At the European Association for the Study of Liver Disease conference in Barcelona, Spain, several companies are vying to be the first to market with an oral hepatitis C drug, the spotlight has been now concentrated on just two: Bristol-Myers Squibb (NYS: BMY) and Gilead Sciences (NAS: GILD) .
In a joint venture, the two drug companies presented results that showed that a treatment regimen consisting of Gilead's GS-7977 and Bristol's daclatasvir given to patients with specific genotypes returned a startling success rate in Phase 2 studies: sustained viral response after four weeks (SVR 4) of 100% for genotype 1 patients, and 91% for genotypes 2 and 3. Gilead's drug is classified as a nucleotide inhibitor, while Bristol's is considered an NS5A replication complex inhibitor. Gilead is also testing GS-7977 with ribavirin, an older hepatitis C treatment drug, which netted an 88% SVR 4 with genotype 1 participants. The company noted that the patients in the latter study had a slightly more difficult treatment profile than in the former.
But it wasn't just a two-company show. Abbott Laboratories (NYS: ABT) reported its own hepatitis C findings at the conference, showing off results of its Pilot and Co-Pilot Phase 2 results, delivering an 82% cure rate after 36 weeks and a greater than 90% cure rate after 12 weeks, respectively. Pilot's cocktail consists of its own drugs, ABT-450 and ABT-072 in conjunction with ribavirin, while Co-Pilot was ABT-450, ABT-333, and ribavirin.
Other companies with hep C treatments under study include Achillion Pharmaceuticals (NAS: ACHN) , whose stock took a nearly 13% beating on the EASL announcement. Its own entry into the race, ACH-1625, currently in phase 2 trials, was given fast-track status in early January by the FDA, certainly a good sign for a company that currently has no approved drugs on the market. Vertex (NAS: VRTX) is another pharmaceutical company that could surely use a boost, as it has lost nearly 24% of its value over the past year. The company recently released phase 2 results indicating that 74% of those genotype 1 subjects also infected with HIV showed no hepatitis C infection after 12 weeks of its oral treatment, Incivek, which is a combination of its drug and ribavirin.

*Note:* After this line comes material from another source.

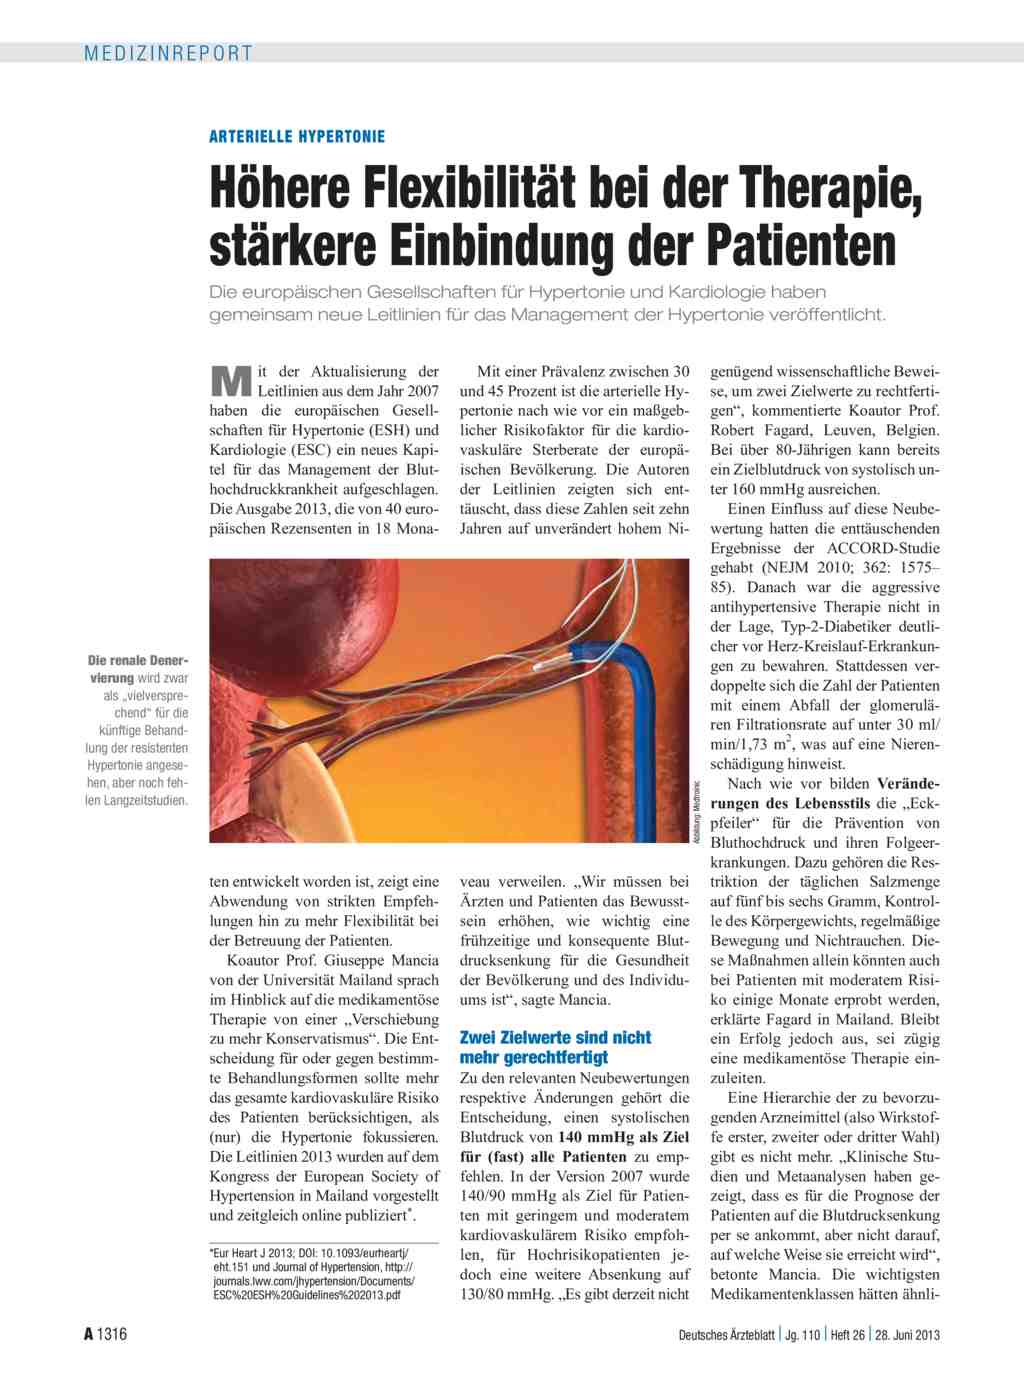 Arterielle Hypertonie: Höhere Flexibilität bei der..

Time will tell whether the sustained viral response can be maintained over a longer period of time for the Gilead-Bristol drug, which would qualify it as a real cure. The study is only in phase 2, and it's notable that Gilead has not agreed to move on to phase 3, which may indicate its desire to substitute its own formulation for Bristol's daclatasvir. It certainly seems clear that Gilead is leading the charge toward the big prize: being the first drug company to bring to market an all-oral hepatitis C treatment that really works. There are other contenders for the prize, but at this point, my money would be on Gilead.
The atmosphere surrounding the EASL just shows how exciting the health-care sector can be for investors. If you'd like to know more about how innovation and cutting-edge technology spell profit and value for these companies and their investors, order our free report now.
At the time thisarticle was published Fool contributorAmanda Alixowns no shares in the companies mentioned above.The Motley Fool owns shares of Abbott Laboratories.Motley Fool newsletter serviceshave recommended buying shares of Vertex Pharmaceuticals and Gilead Sciences. The Motley Fool has adisclosure policy. We Fools don't all hold the same opinions, but we all believe thatconsidering a diverse range of insightsmakes us better investors. Try any of our Foolish newsletter servicesfree for 30 days.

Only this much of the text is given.